One way to get to the site involves a 40-minute boat ride from Old Harbor, a trip up a narrow bay, a hike through brown bear country, which requires a permit from the Native corporation, and a climb over a ridge to a stretch of shore just out of reach of high tide, said Jeff Peterson, an Old Harbor hunting and fishing guide.
But even someone willing to do all that couldn’t get to the site today, he said. Carl Marrs, the former head of the Cook Inlet regional corporation who is now chief executive of the Old Harbor corporation, told Peterson he’s stopped the issuance of any permits; the corporation is trying to get a contract to work for Shell.
WAITING FOR SHELL
On Thursday, town leaders expected Shell executives to arrive by helicopter for a community meeting, but the pilots delivering the boom said the helicopter may have been turned back by the weather.
The command team is planning a community meeting for Sunday evening at the Kodiak high school, spokeswoman Darci Sinclair said in an email.
Still, Shell executives and other leaders of the team managing the crisis have kept the community well informed, Berns said. Early on, the command team held daily telephone briefings for local leaders, including those in Old Harbor and Kodiak. Now it’s twice a day, he said. The Old Harbor Corp. declined to let a reporter sit in on Thursday afternoon’s teleconference.
“I think they’ve done the best they could for the conditions they were facing,” Berns said. “I don’t care who you are or how big you are, you aren’t going to beat Mother Nature. It just got the best of them.”
Old Harbor boasts a new dock, more boats than anywhere on Kodiak Island except the main harbor, a small school and the intricate Three Saints Russian Orthodox Church, about the only structure in town that was not swallowed by the tsunami that rose up after the 1964 earthquake. The air smells like the sea.
“There’s a couple of salmon streams out there,” said Walter Stanley, 70 and a lifelong resident of Old Harbor. “If heavy oil leaks out . . .”
Many in the village are perplexed at why Shell’s huge rig was being towed in thrashing seas to begin with. “My husband says 'baloney,’ ” said Frances French, 53, a city employee who has lived in Old Harbor her whole life. The howling winds were “spooky,” she said.
Brandon Larionoff, 17, was walking his sister’s dog, Daisy.

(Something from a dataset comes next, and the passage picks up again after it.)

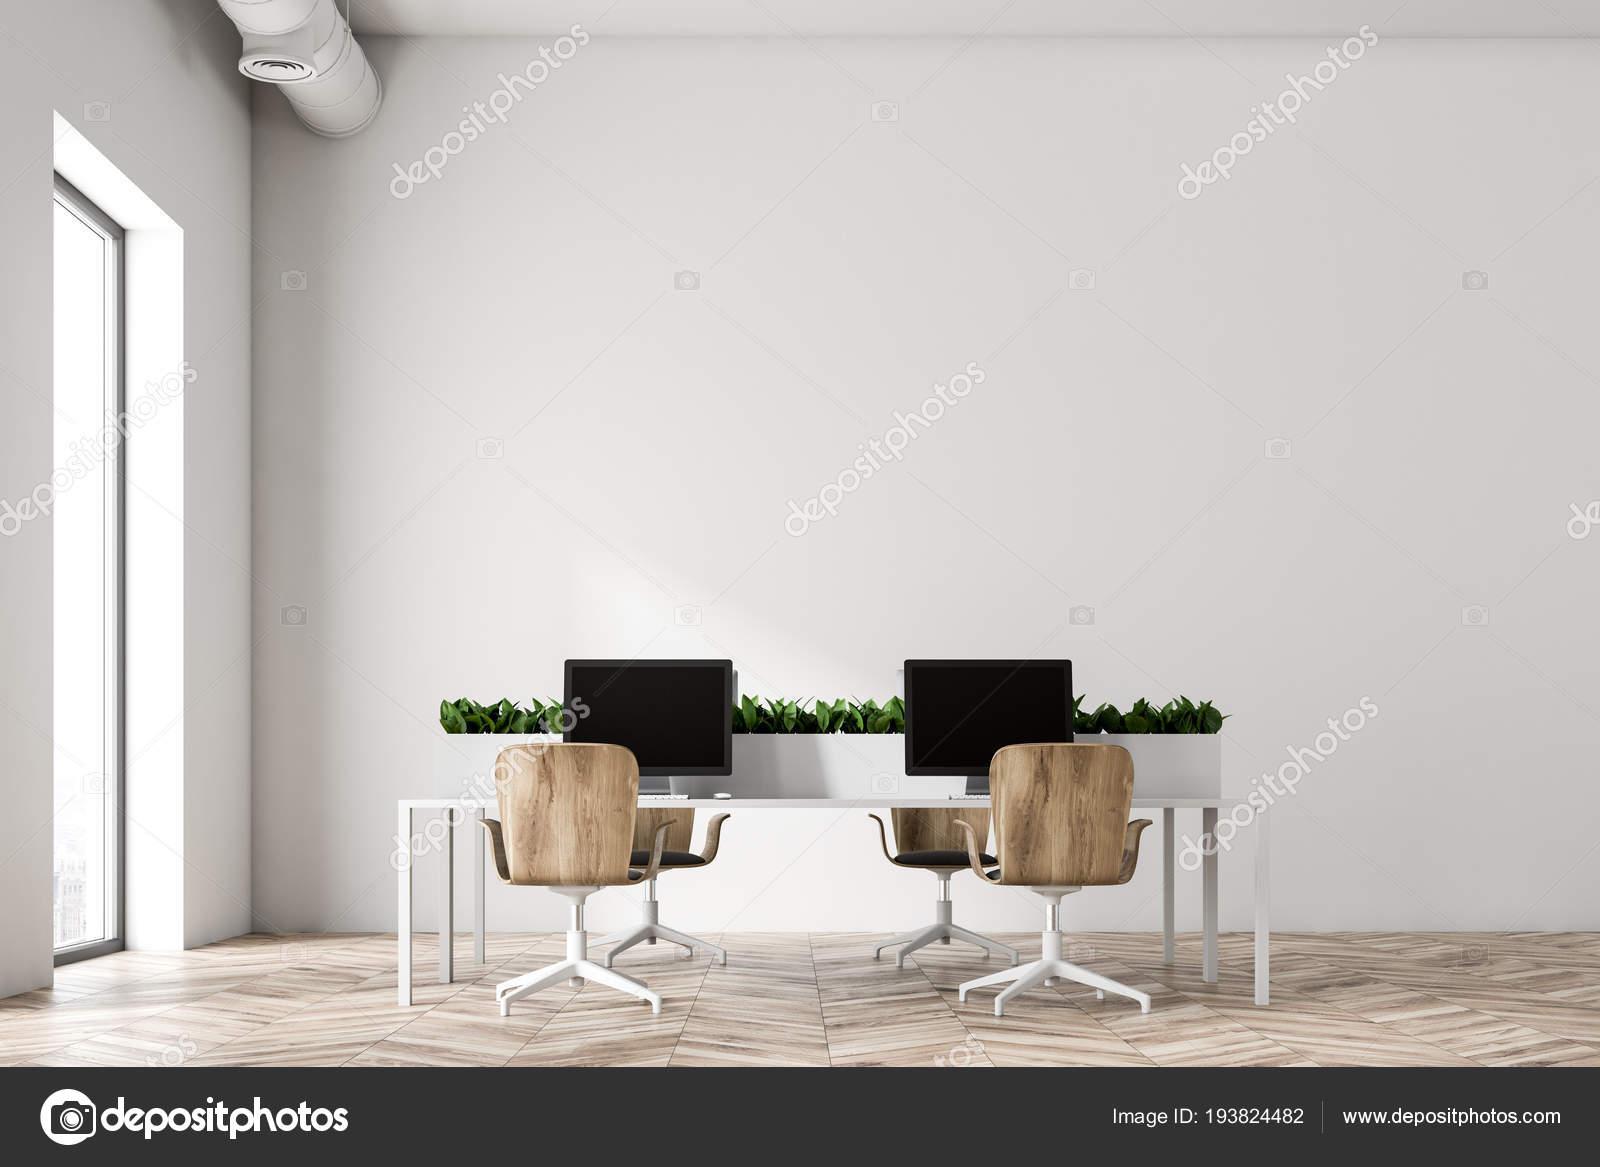 Minimalistische witte kantoor interieur met twee witte tafels

He said he heard about the Kulluk on the news.
“It could kill off all the fish population,” he said. He said he loves growing up in the village, fishing, running around in a skiff, camping on Sitkalidak. He doesn’t know what to make of the situation. He just wants the Kulluk gone and no fuel tainting the beaches.
The mayor’s son, Travis Berns, who fishes for salmon and crab and is preparing for the Jan. 15 Tanner crab opening, said, “It sounds like they made a lot of mistakes.”
The rig is probably wedged tight onto rocks, he said. Public statements by the command team that the seafloor is sand and gravel is “sugar-coating that aspect of it.”
But Osowski, the pilot and Servant Air co-owner, speculated that the rig might be easier to pull off rocks than if it was sucked into the soft sand of Ocean Beach.
What troubles Sven Haakanson, an anthropologist who was born and raised in Old Harbor and now is executive director of the Alutiiq Museum in Kodiak, is how close the Kulluk came to Refuge Rock. The site of the massacre almost 230 years ago was only established by archeologists in the early 1990s.
“We discovered this site in 1991,” Haakanson said this week, pointing it out on a map in his museum office as he spoke. “This is where (Gregory) Shelikof, on Aug. 13, 1784, came in, took the women and children hostage, and claimed Alaska.” Hundreds were killed in what’s been called the Wounded Knee of Alaska, a turning point in the battle for control between Native people and the traders, according to Old Harbor Native Corp.
Once the location was known, “more of the community started to become more aware of our history, to understand, 'Hey, wait, this is something really tragic that happened here,’ ” he said.
In Alutiiq language, the site is called Awa’uq, which means “to become numb.”
“Which makes perfect sense for what happened there,” Haakanson said.
If Awa’uq is contaminated, it will only compound the tragedy, he said.